Degradation of high concentration 2,4-dichlorophenol by simultaneous photocatalytic-enzymatic process using TiO2/UV and laccase.

Removal of 2,4-dichlorophenol (2,4-DCP) by TiO2/UV photocatalytic, laccase, and simultaneous photocatalytic-enzymatic treatments were investigated. Coupling of native laccase with TiO2/UV showed a negative synergetic effect due to the rapid inactivation of laccase. Immobilizing laccase covalently to controlled porous glass (CPG) effectively enhanced the stability of laccase against TiO2/UV induced inactivation. By coupling CPG-laccase with the TiO2/UV the degradation efficiency of 2,4-DCP was significantly increased as compared with the results obtained when immobilized laccase or TiO2/UV were separately used. Moreover, the enhancement was more remarkable for the degradation of 2,4-DCP with high concentration, such that for the degradation of 5mM 2,4-DCP, 90% removal percentage was achieved within 2h with the coupled degradation process. While for the TiO2/UV and CPG-laccase process, the removal percentage of 2,4-DCP at 2h were only 26.5% and 78.1%, respectively.
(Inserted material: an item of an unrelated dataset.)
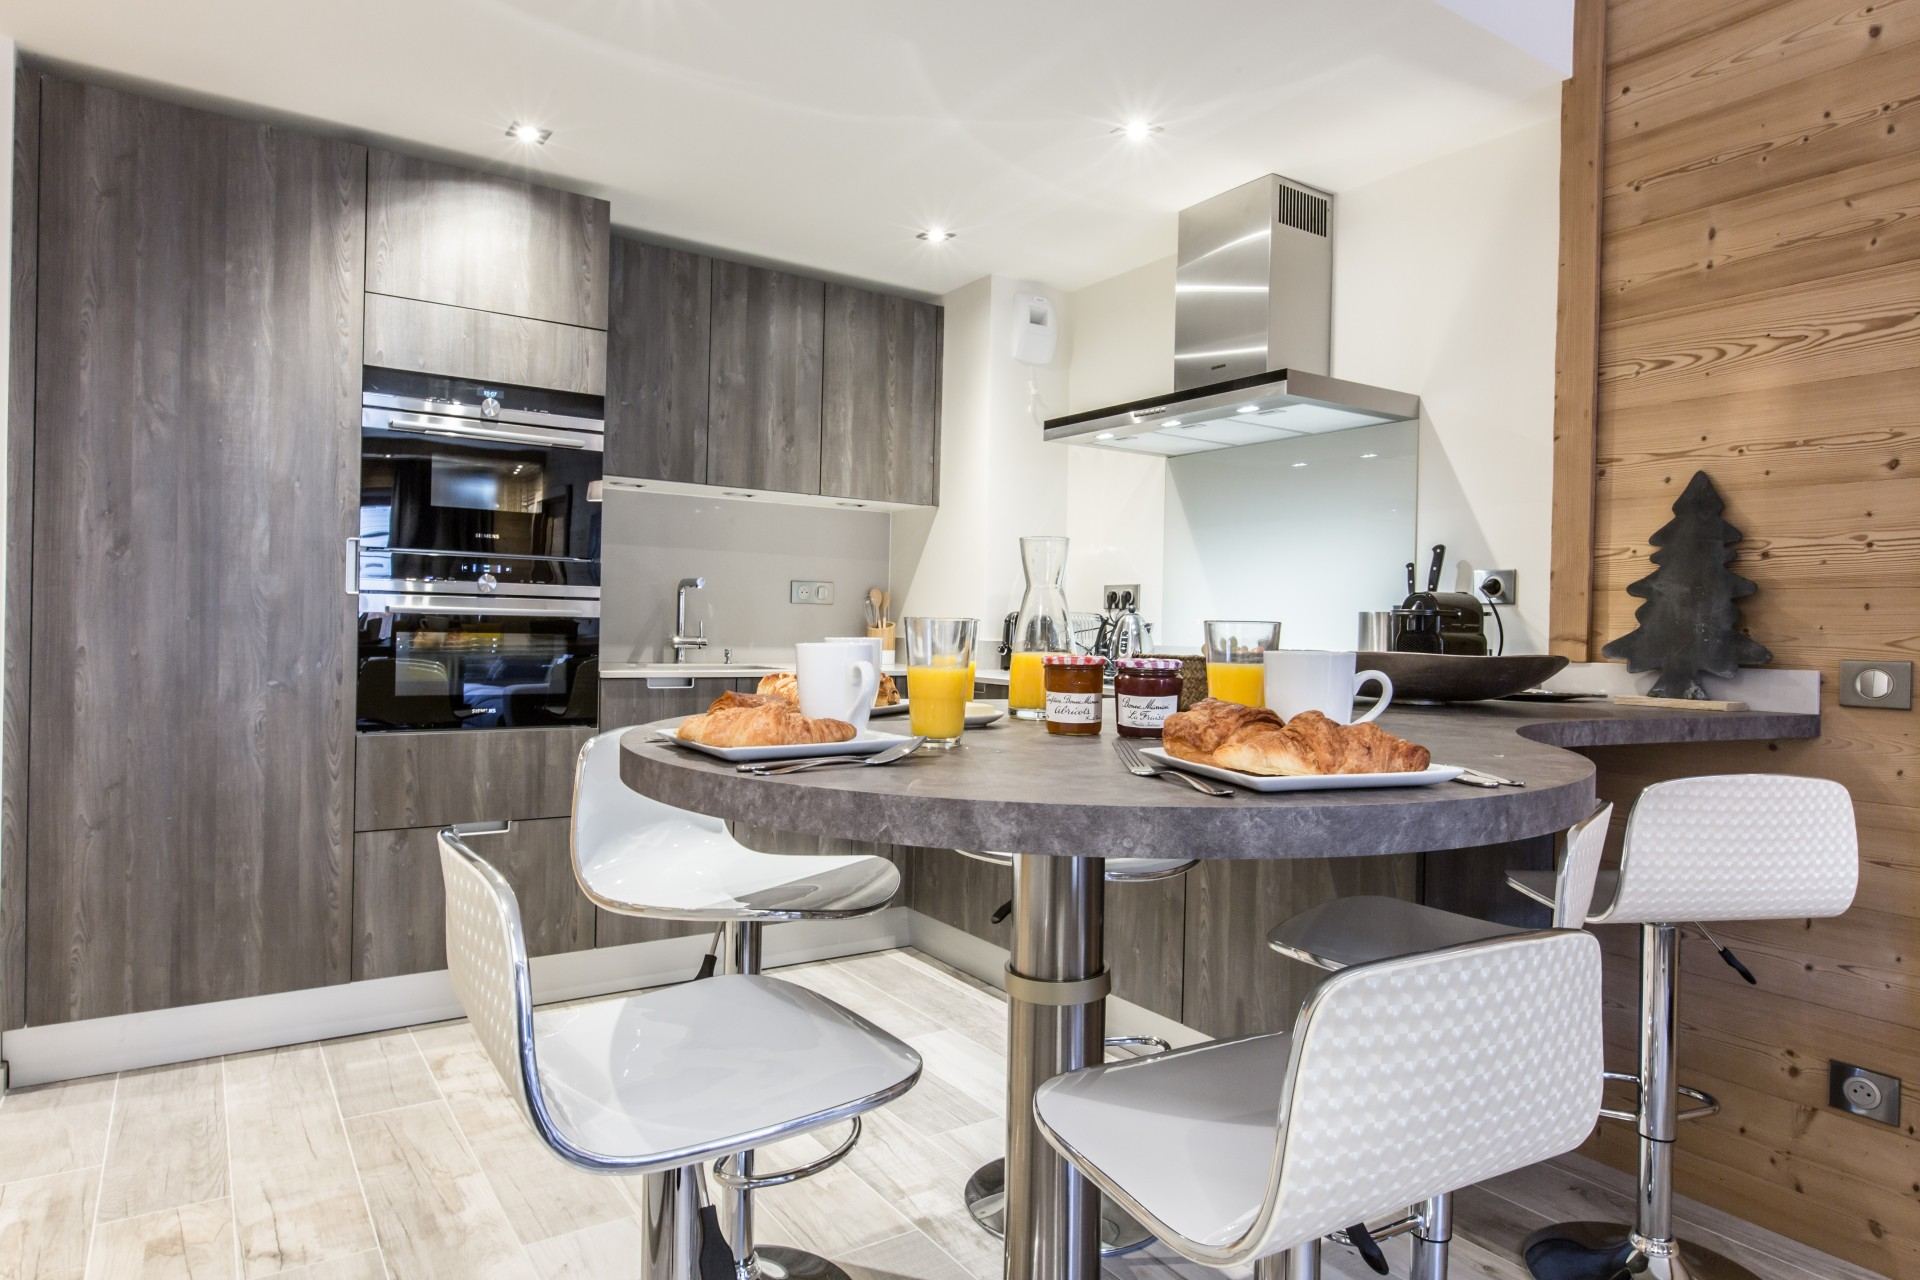 Courchevel 1650 Location Appartement Luxe Amicite Cuisine 2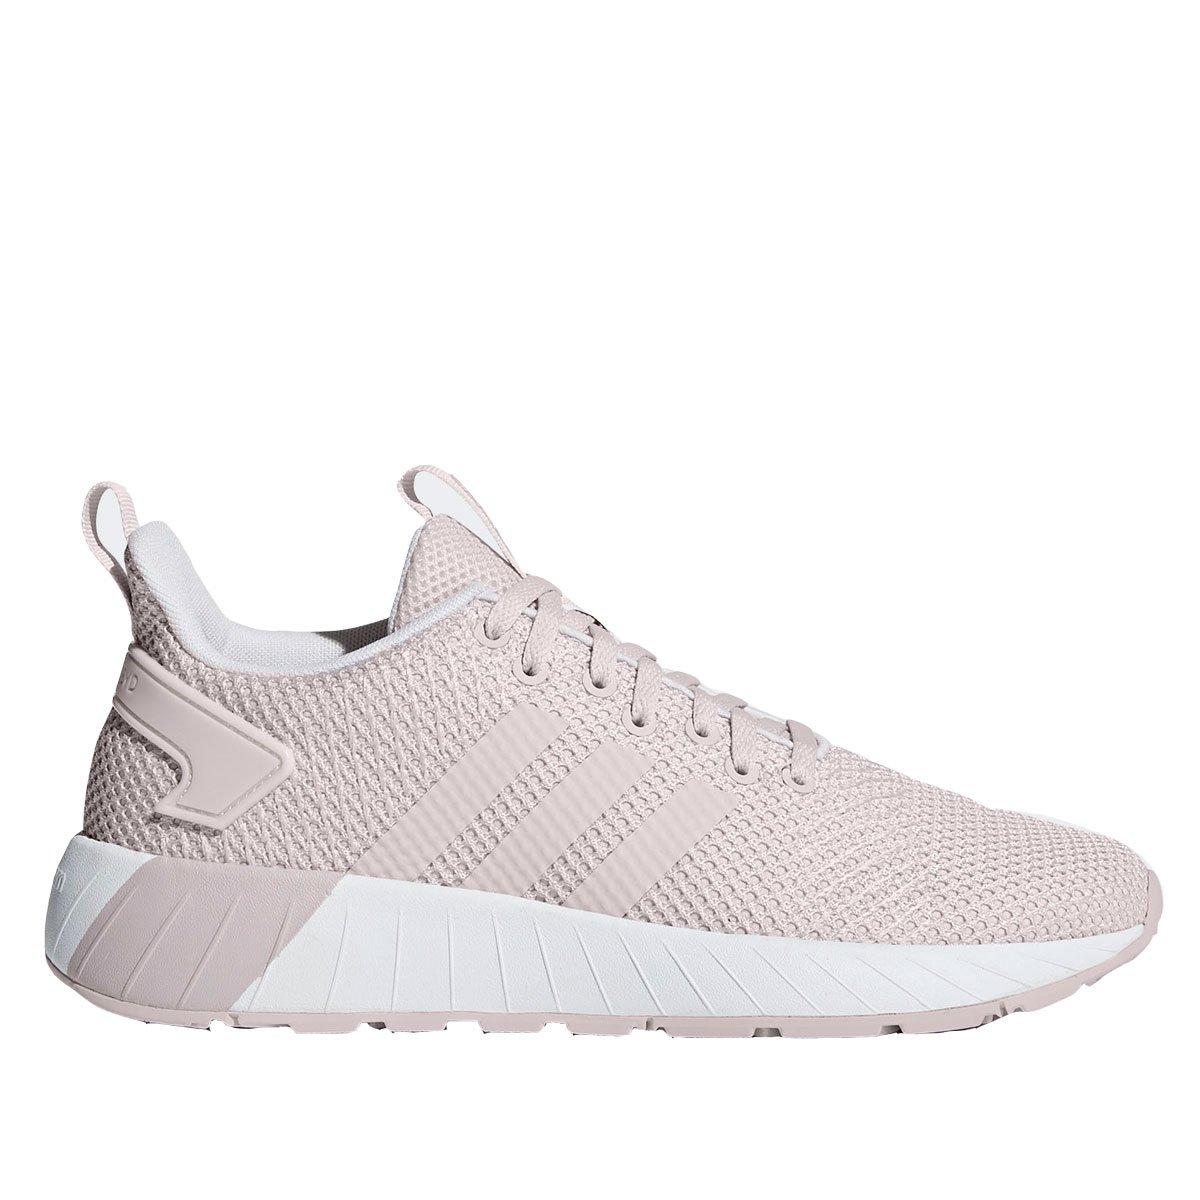 795f91c40ba Bizz Store - Tênis Feminino Adidas Questar BYD

The degradation kinetics were analyzed using a intermediate model by taking into account of the intermediates formed during the degradation of 2,4-DCP. The high efficiency of the coupled degradation process therefore provided a novel strategy for degradation of concentrated 2,4-DCP. Furthermore, a thermometric biosensor using the immobilized laccase as biorecognition element was constructed for monitoring the degradation of 2,4-DCP, the result indicated that the biosensor was precise and sensitive.